> **Directions**: Everything in the data must be repeated exactly, apart from the pictures, which are left out.

> **Data below**:
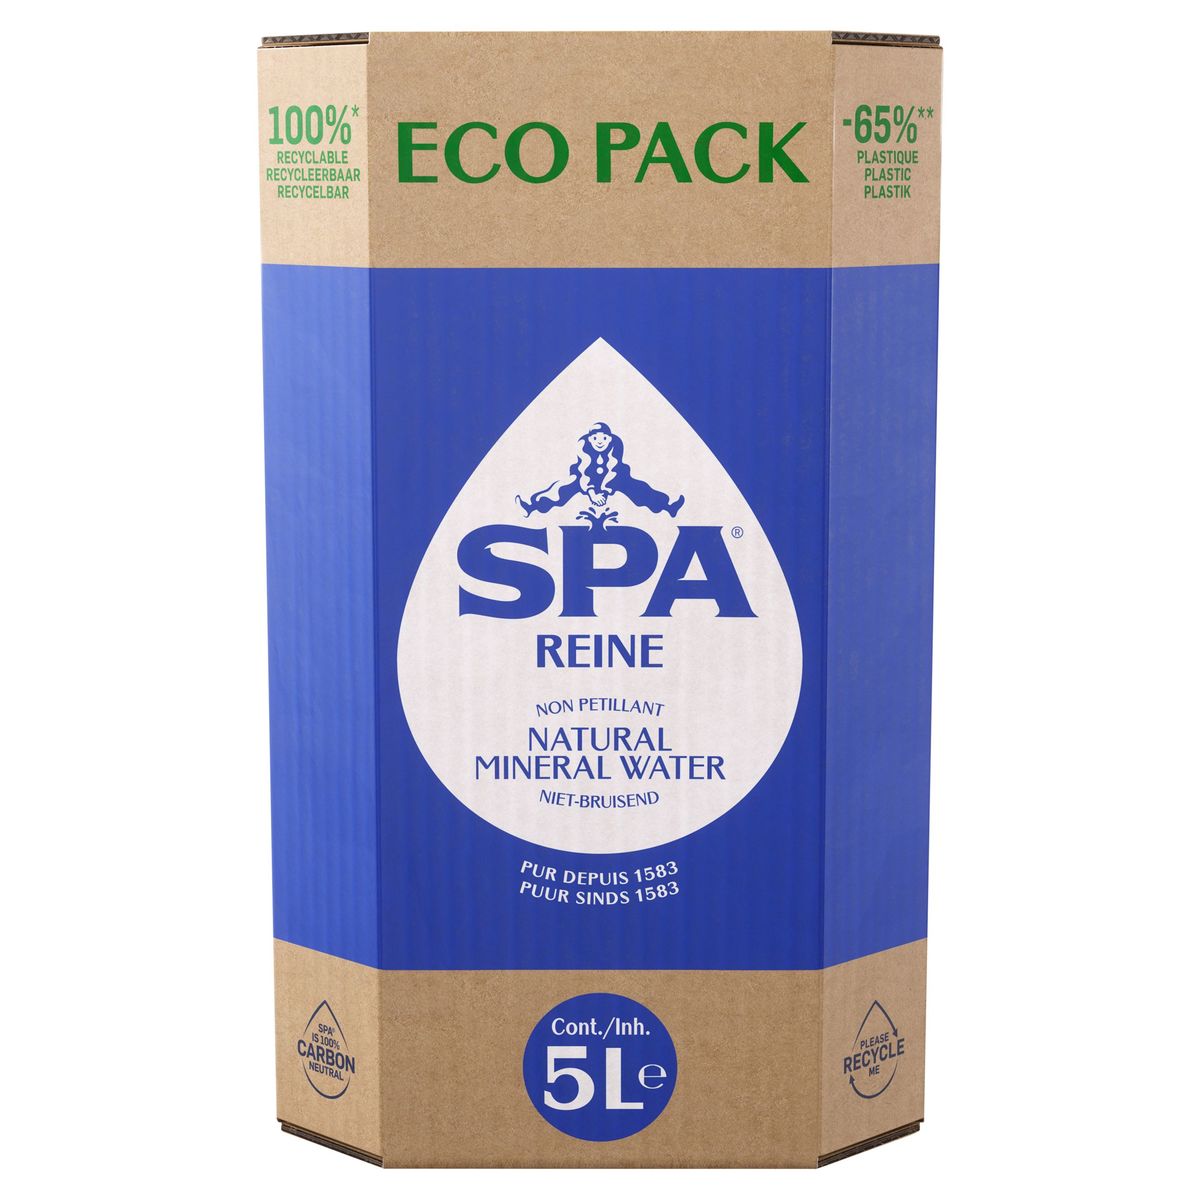 SPA REINE Eau Minérale Naturelle Eco Pack 5L
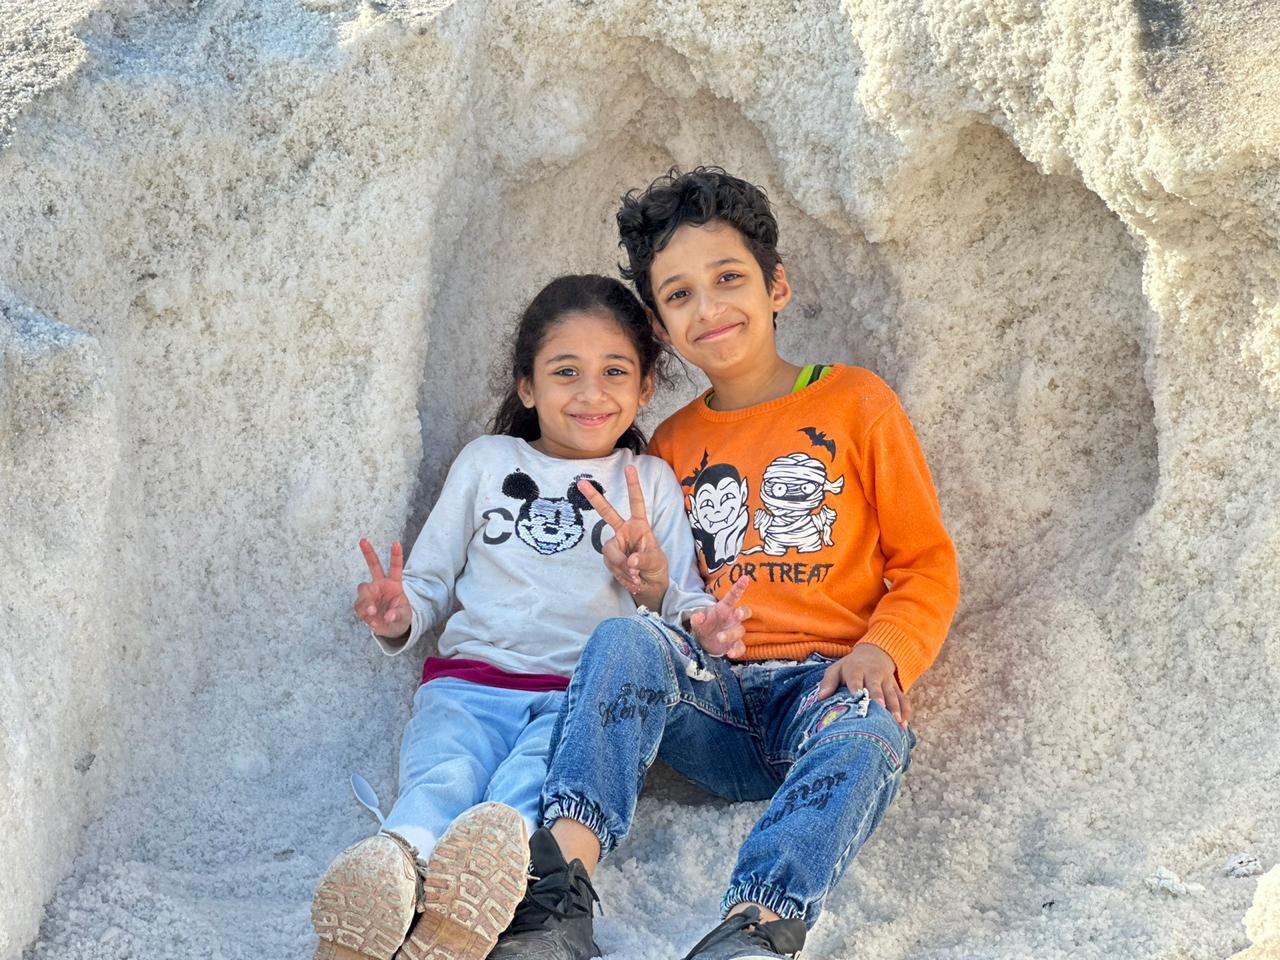 علامة النصر مع الأطفال في جبال الملح  بورسعيد
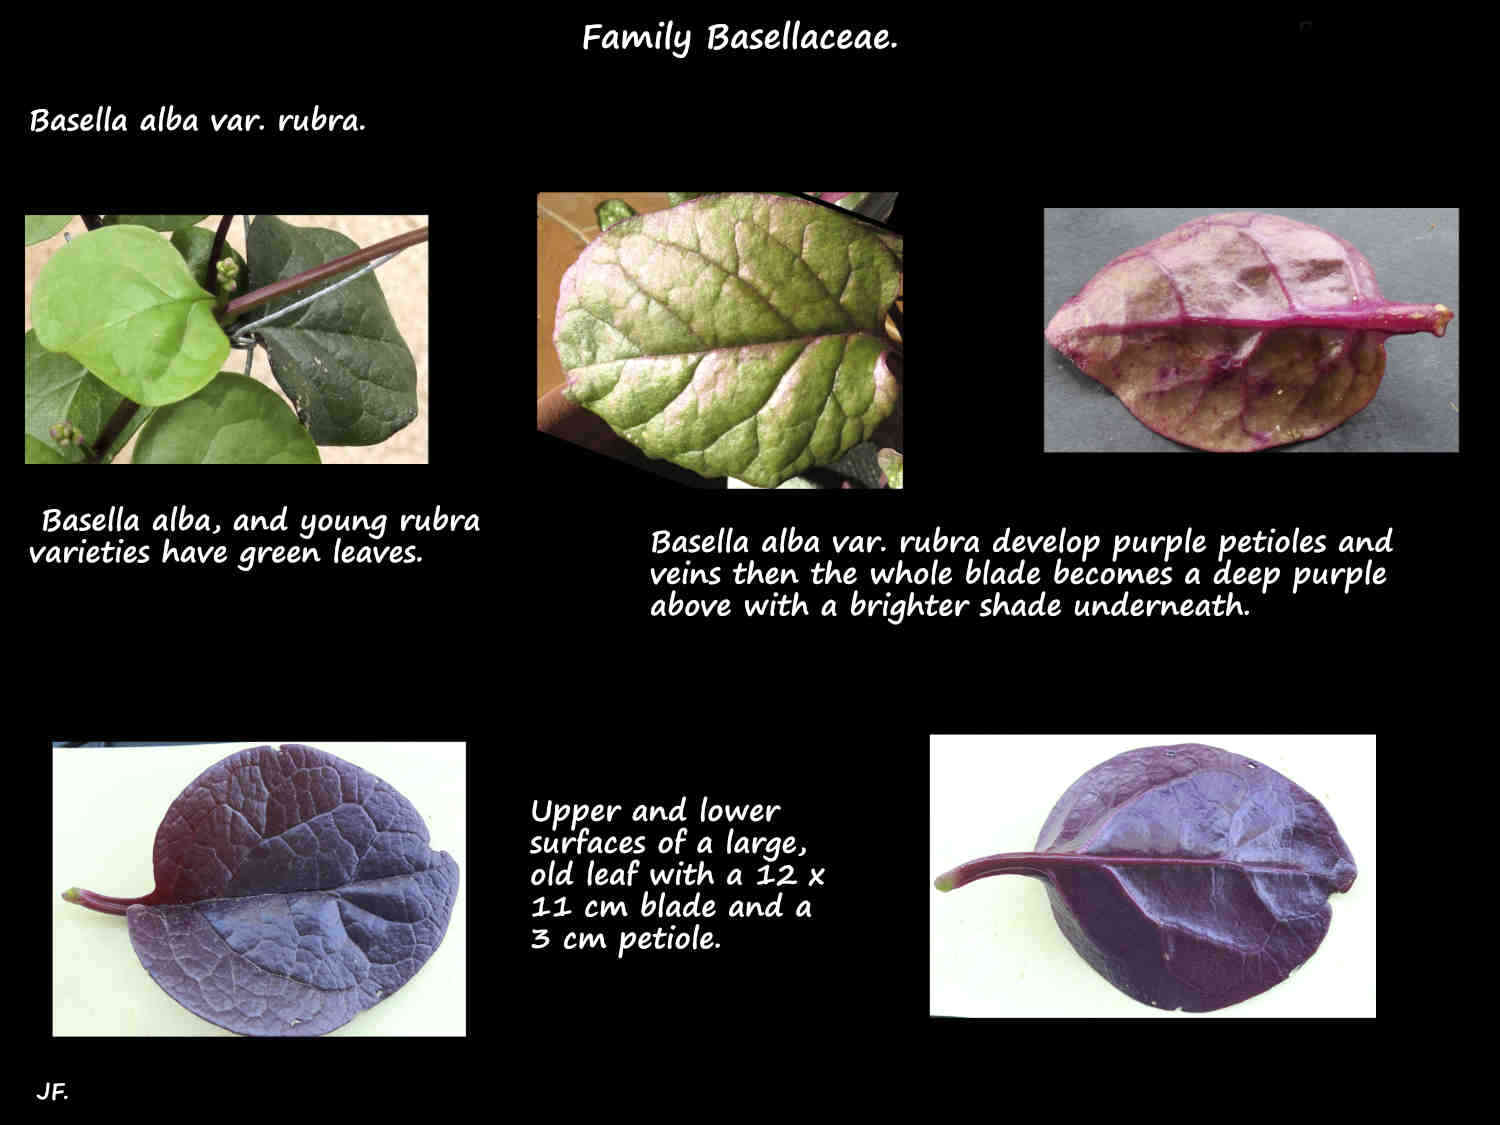 7 Basella alba var. rubra leaf

> **Completed exercise**:
 SPA REINE Eau Minérale Naturelle Eco Pack 5L
 علامة النصر مع الأطفال في جبال الملح  بورسعيد
 7 Basella alba var. rubra leaf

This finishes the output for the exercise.